Are you a bad parent for not thoroughly inspecting every restaurant play area for venomous reptiles and discarded needles? While you're in there, why not check for broken beer bottles or alien tracking devices? If someone read you the same story word-for-word over the phone or in person, you would most likely laugh at them or at least find a few points in the story which make you question the account's credibility. Is it the string of '>>'s from being forwarded from 37 other people that makes it sound convincing? Or the fact that you have to scroll down for 18 pages of email headers (To: everyone I know, From: ________) that makes us think at one point this story could have been plausible (two more peeves, but that'll wait for another time)?

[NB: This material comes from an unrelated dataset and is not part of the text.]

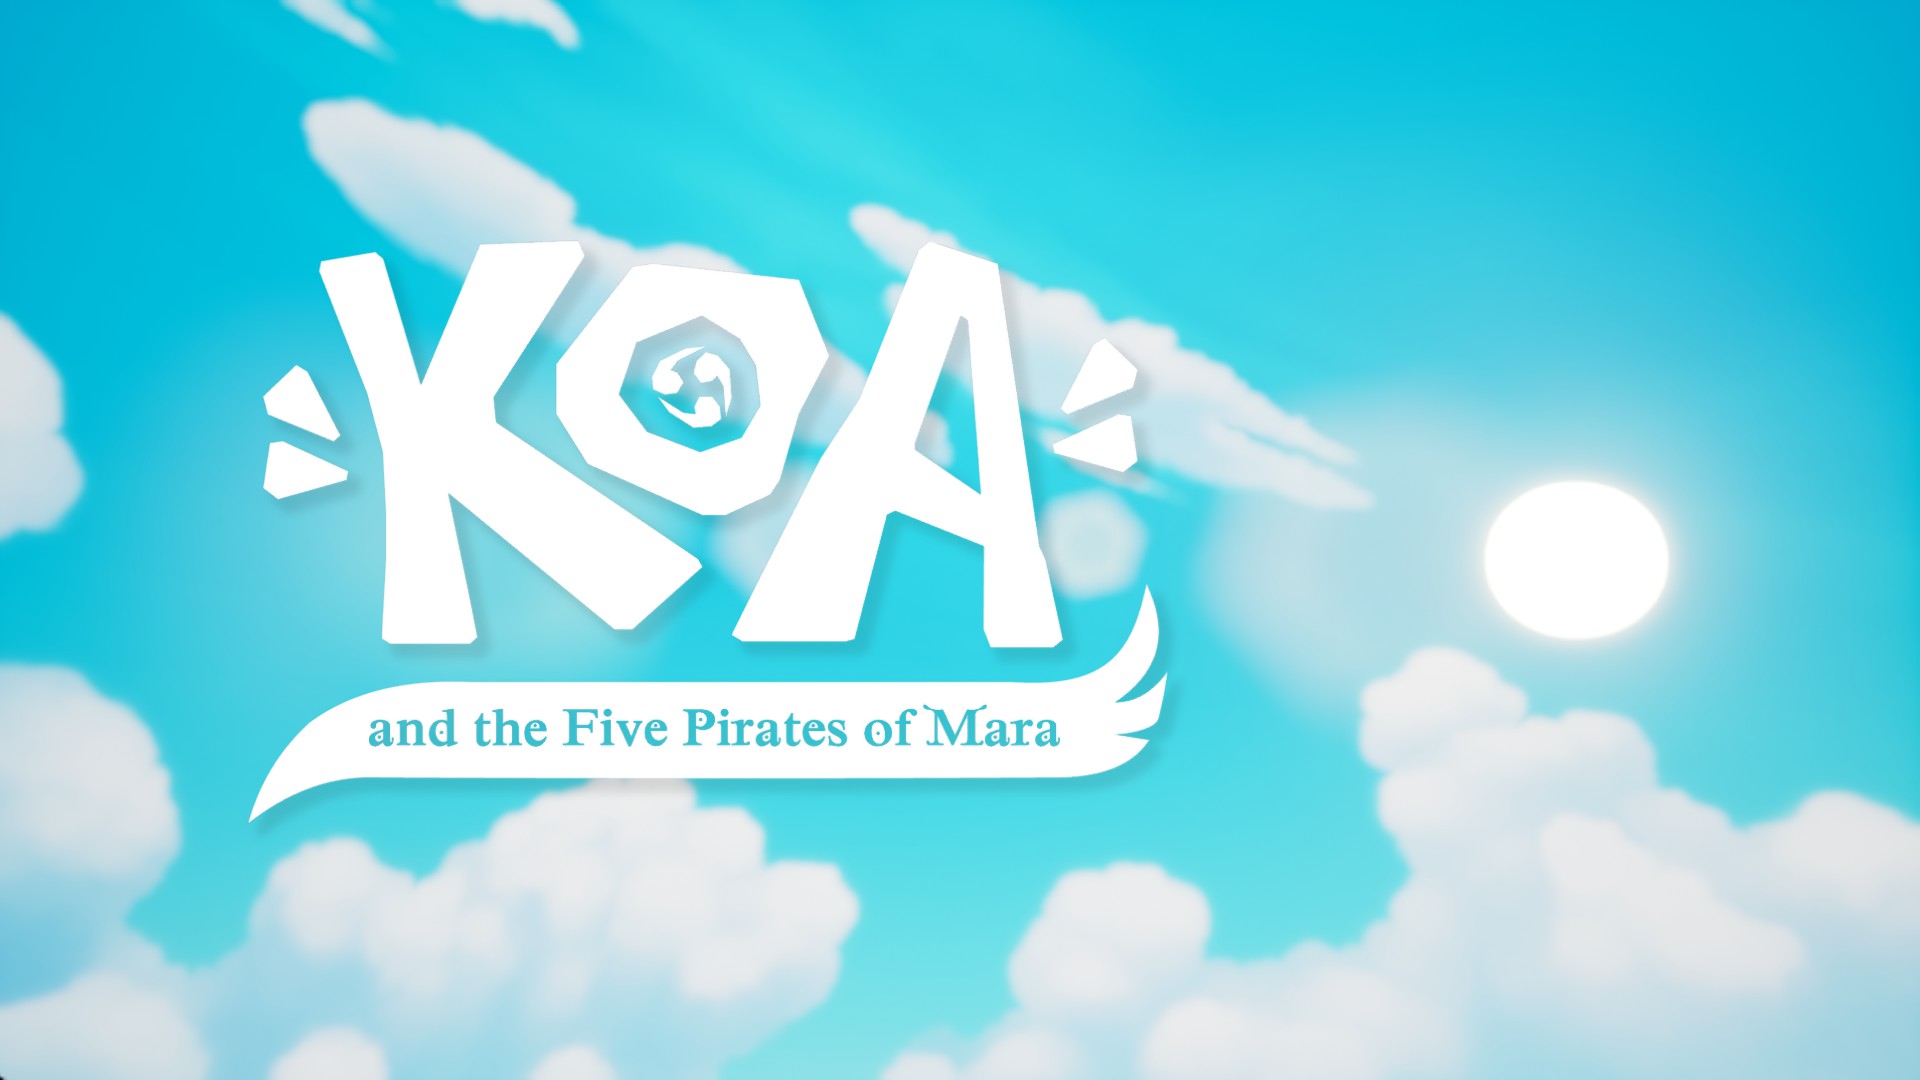 Koa and the Five Pirates of Mara, un plataformas para desconectar

I have yet to find one of these email hoaxes that has taken me longer than 1 minute to debunk. What's my secret? I use an obscure website called Google, type in a summary of the hoax (usually the subject line from the email), and hit 'Search'. I then am given a number of websites that address the hoax, some of them even tell me how long the hoax has been in circulation as well as different variations on the same theme (one of my favorite sites is Hoax-Slayer ).

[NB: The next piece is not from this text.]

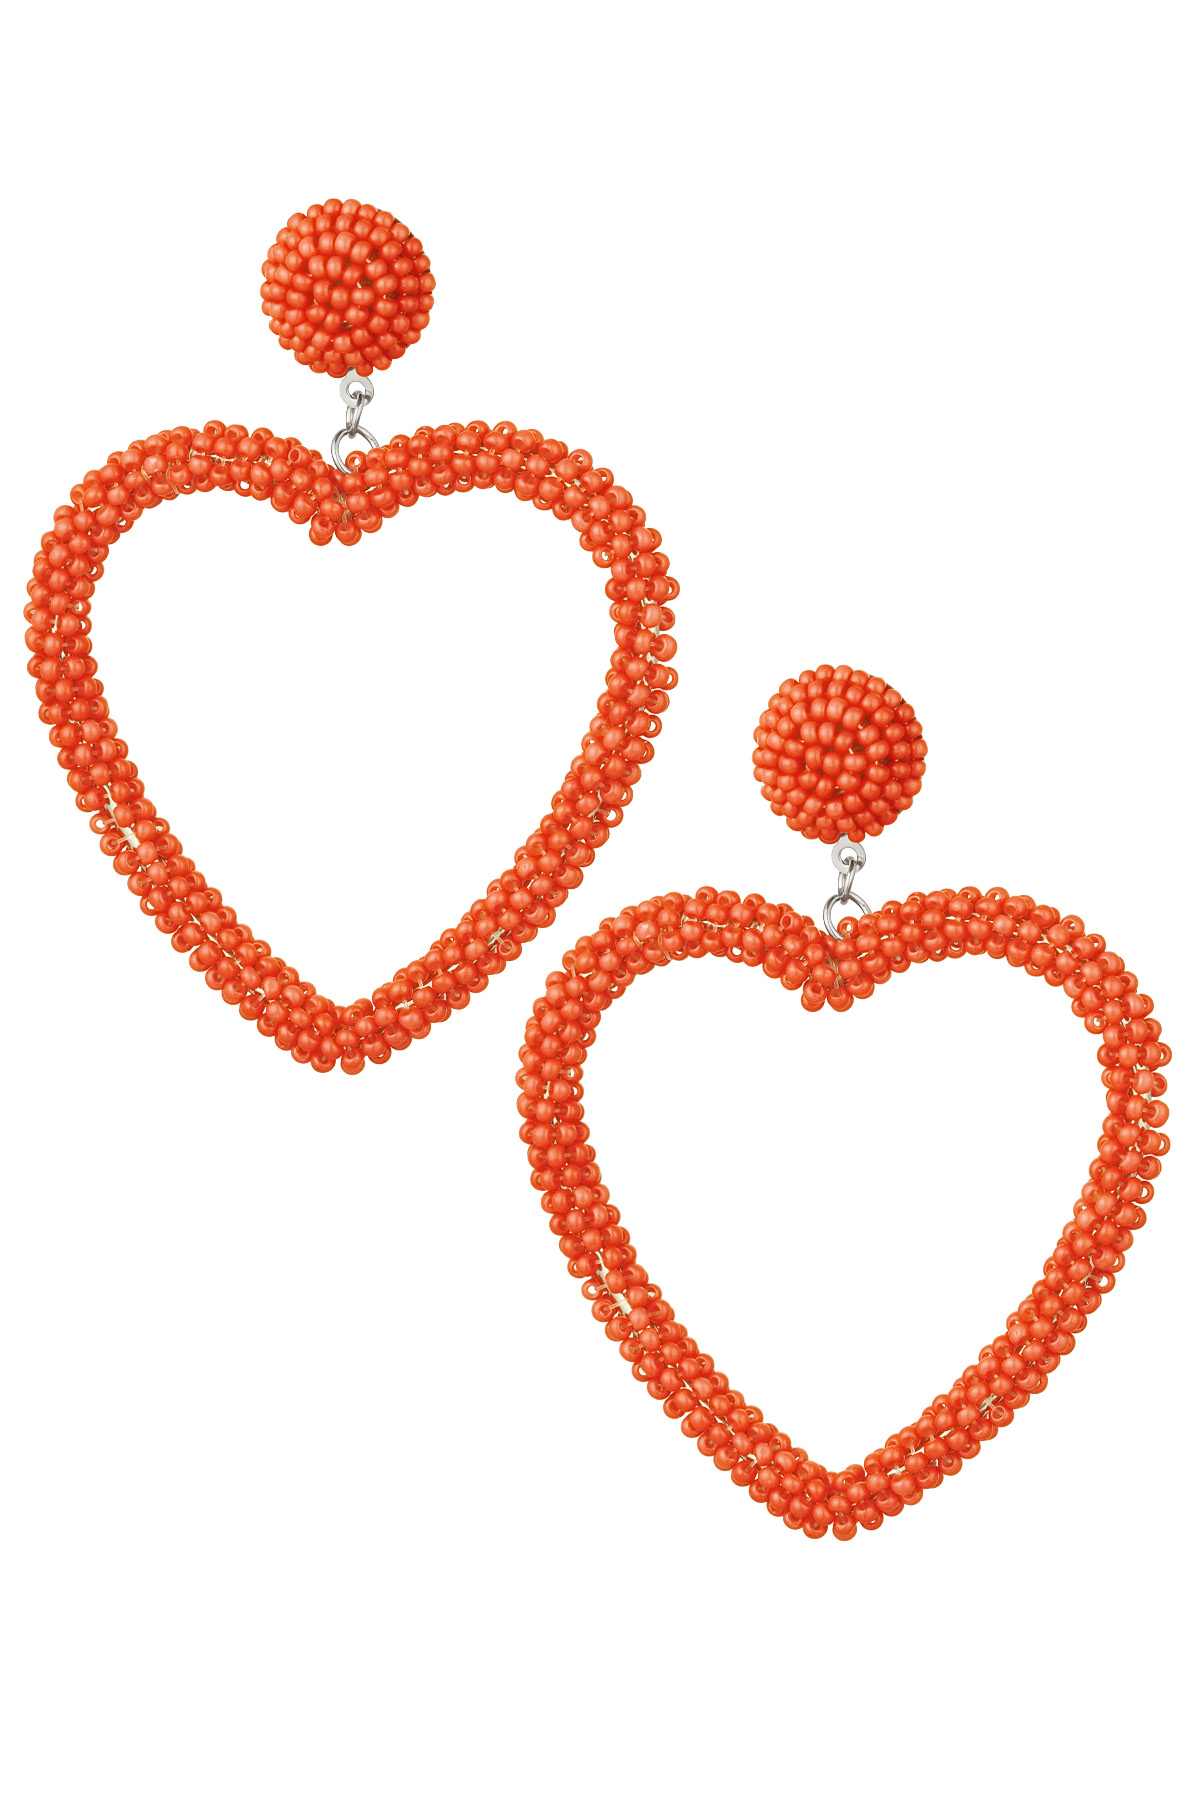 Orecchini perline caramella - arancione Acciaio inossidabile

As you may have guessed from my rambling, this is a touchy topic for me. Fortunately, if you reply back to the sender(s) with the debunk information, sooner or later they stop sending these emails to you. They don't stop their forwarding compulsion, they just take you off their distribution list.
So here's your homework, the next time you receive an email saying that your friend's coworker's roommate's uncle once saw Bigfoot, before you even think of hitting the "Forward" button you:
- Stop. Ask yourself just how realistic the message is.
- Look it up. Use Google, Hoax-Slayer, or any number of myth-busting websites out there heroically trying to curb the spread of these virulent messages
- Once you have found it to be a hoax, why not hit "Reply All" and send the debunk out to everyone and hope they'll forward the truth as quickly as they forwarded the junk.